Name: Anonymous 2012-01-28 9:20

I wrote a little UTF-8 'validator' that checks stdin for a correct UTF-8 stream, and reports any errors along the way. It is very stringent; it even reports overlong forms as an error condition, in addition to the usual unexpected byte errors and such. One problem is that it is ``SLOW AS FUCK''; it can only check about 1.5 MB/s of random bytes on my netbook. Could you, the experts of optimisation, help me, /prog/?

Note: get rid of the ``inline''s if it fails to compile. I was just being retarded there.

http://pastebin.com/e5RrL6nq

Name: Anonymous 2012-01-28 9:56

The msz function can be replaced with inline assembly using the bsr (bit-scan reverse) instruction if you're on x86(_64).

Instead of switching on the state, use an inner loop.

And there's probably a ton of bit-twiddling optimizations you could do, but I can't be bothered to think about it. (Read "Hacker's delight" for more info.)

Also, you've of course profiled this, right?

Name: Anonymous 2012-01-28 10:12

Before you start dicking around with inline-asm, run the loop against a mmap()ed file. It's likely that the getchar() (eg. reading byte-wise from stdin) is the bottle neck and not some bit manipulations.

Name: Anonymous 2012-01-28 10:23

What >>3 said. If you don't want to use mmap you can just try reading larger chunks of bytes into a memory buffer and see if that helps. Of course, to know what really would help, you should profile this, like >>2 said.

Name: Anonymous 2012-01-28 10:34

>>4
>If you don't want to use mmap you can just try reading larger chunks of bytes into a memory buffer and see if that helps.

Why do you insist on commenting about shit you clearly don't understand? It's almost like you're a retard. You understand that you are clueless, yet you still keep rattling on.

Name: 2 2012-01-28 13:22

>>5
If he really wants it to read from stdin, using mmap may not be an option, though I think getchar() already does some buffering internally. (I hardly know C (but I do know Unix, so I know that ttys and pipes normally can't be mmapped (so I'm not a blabbering idiot (that often)))). But yes, mmap is the way to go (but profile!(!)).

Name: Anonymous 2012-01-28 13:28

WHERE THE FUCK IS OP?????

Name: Anonymous 2012-01-28 13:29

this could help op.

http://linux.die.net/man/3/fread



#define BUFFER_LENGTH 1024

char buffer[BUFFER_LENGTH];

int ret = read(buffer, sizeof(char), BUFFER_LENGTH, stdin);

if(ret == 0) {

  // end of file reached.

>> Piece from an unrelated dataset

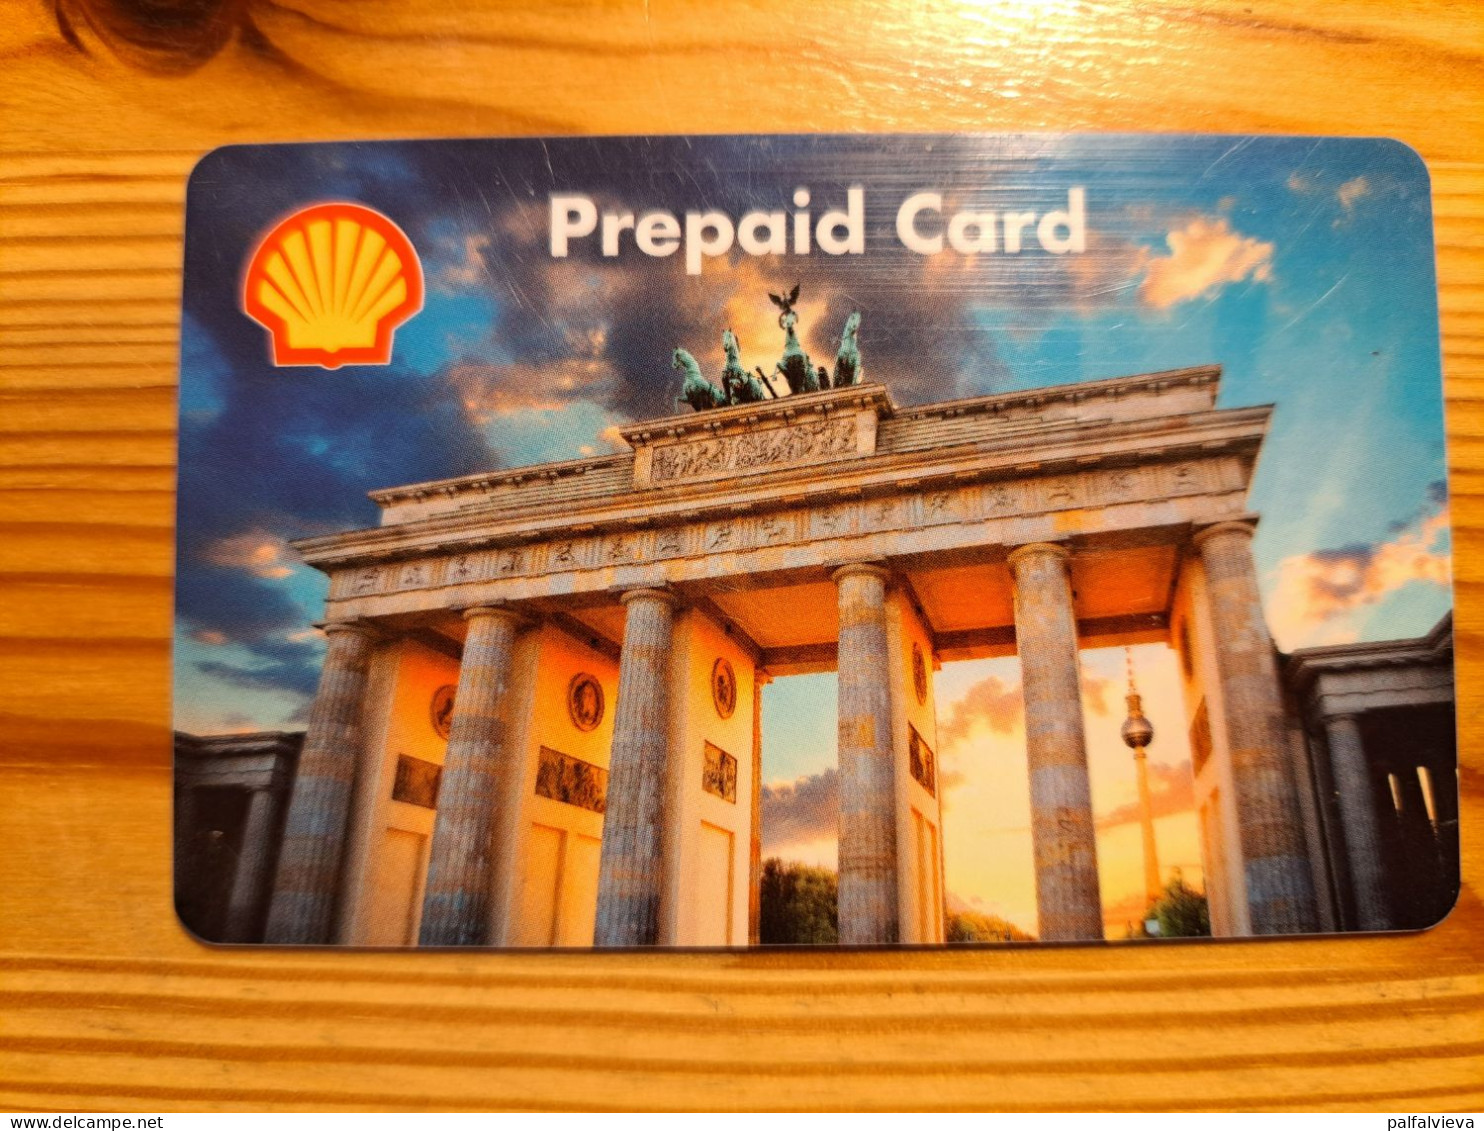 Shell Gift Card Germany - Berlin, Brandenburger Tor - Gift Cards

Break out.

} else {

  // ret is the number of characters successfully read into buffer.

  check_buffer_for_utf8_errors(utf8_scanner_state, buffer, ret);

}

Name: Anonymous 2012-01-28 13:30

change read to fread. woops

Name: Anonymous 2012-01-28 15:11

>>9
You're a fucking moron who has no possible future as a computer programmer.

Name: Anonymous 2012-01-28 15:14

>>10
Go scrub another midget you piece of shit faggot.

Name: Anonymous 2012-01-28 15:18

>>11
Go make some more uneducated statements you mental midget.

Name: Anonymous 2012-01-28 15:19

>>11
I can also cite a few instances where your code will break. Man you're one stupid human being.

Name: Anonymous 2012-01-28 15:23

>>1

This program is ridiculously complicated for a simple encoding like UTF-8, and that's the main reason why it doesn't perform as well as you think it should.

You say 1.5 megabytes per second on your notebook?

What CPU? (Atom, or real processor?) What operating system? What version of what compiler did you use, with what options?

Do you repeat the test twice to eliminate caching effects?

How about sequences which are not random bytes? How fast is it on a large file which is correct, or mostly correct UTF-8?

How fast is it on UTF-8 files that are mostly ASCII? How about ones that are mostly Chinese or other characters that require two or three bytes to encode?

How about files that contain a lot of non-BMP characters (beyond U+FFFF).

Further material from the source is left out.